Washington, D.C., Dec. 12, 2025 — On December 12, a federal court in D.C. ordered U.S. Immigration and Customs Enforcement (ICE) to follow a long-standing court order that protects immigrant teens from being placed in adult detention centers. The court’s order blocks a new ICE policy to automatically shuttle unaccompanied children into adult detention once they turn 18.
Read the court order here and the opinion here.
The order specifically covers children who originally entered the United States as unaccompanied minors and who “age out” of the custody of the Office of Refugee Resettlement (ORR) (the federal program that looks after unaccompanied children by placing them in shelters and then later with family and/or guardians).
This federal court decision enforces a 2021 permanent injunction in Garcia Ramirez v. ICE, which requires ICE to comply with their statutory obligations by considering the least restrictive setting available for every unaccompanied child who turns18 and to make all age-outs eligible for alternatives to detention.

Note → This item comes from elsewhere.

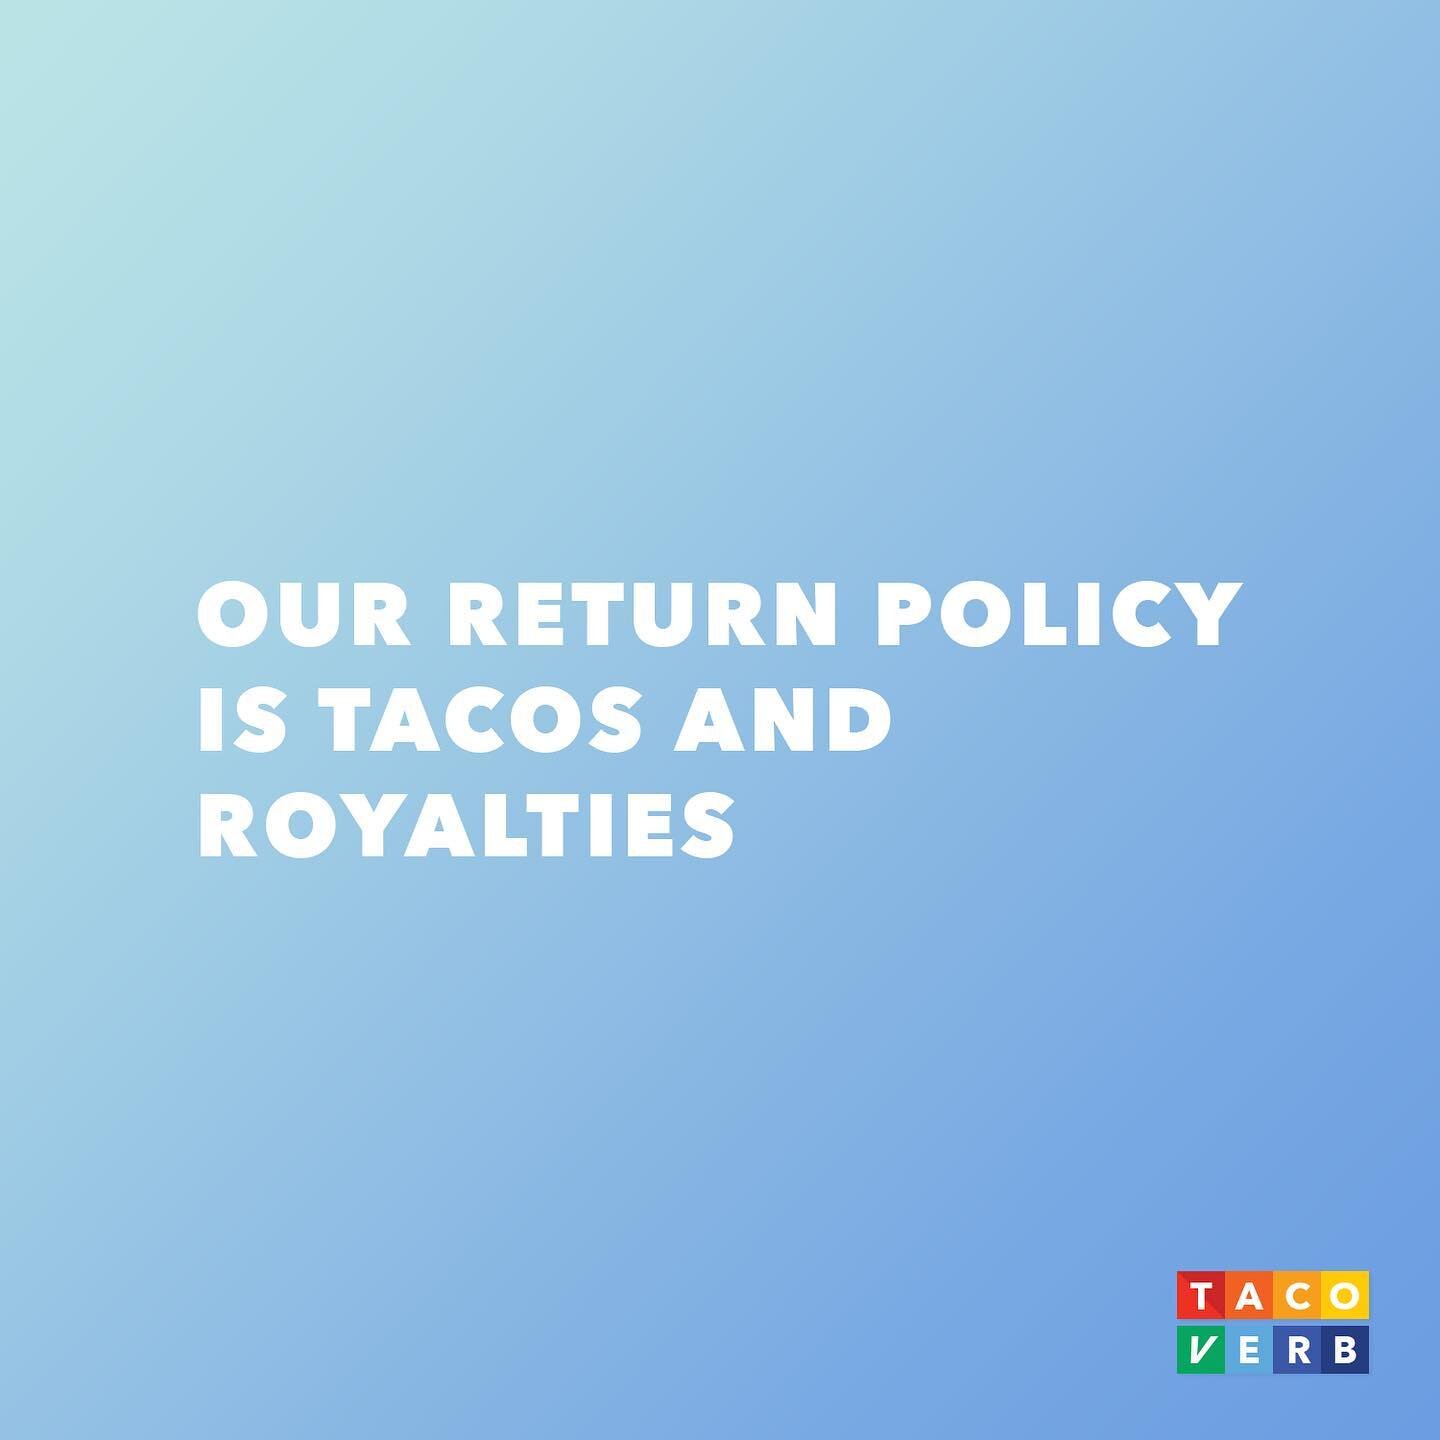 Warning ⚠️ This may turn you on. 

#nftcommunity #comingsoon #pieces #nft #tacos #tacotuesday

“This ruling makes clear that ICE cannot secretly flout the law or blatantly ignore court orders,” said Suchita Mathur, senior litigation attorney with the American Immigration Council. “ICE tried to detain newly-18-year-olds as a matter of course. These are kids that ICE officers have found, in almost all cases, do not pose a danger or flight risk, with sponsors, families, and community support waiting for them. This decision puts a stop to that.”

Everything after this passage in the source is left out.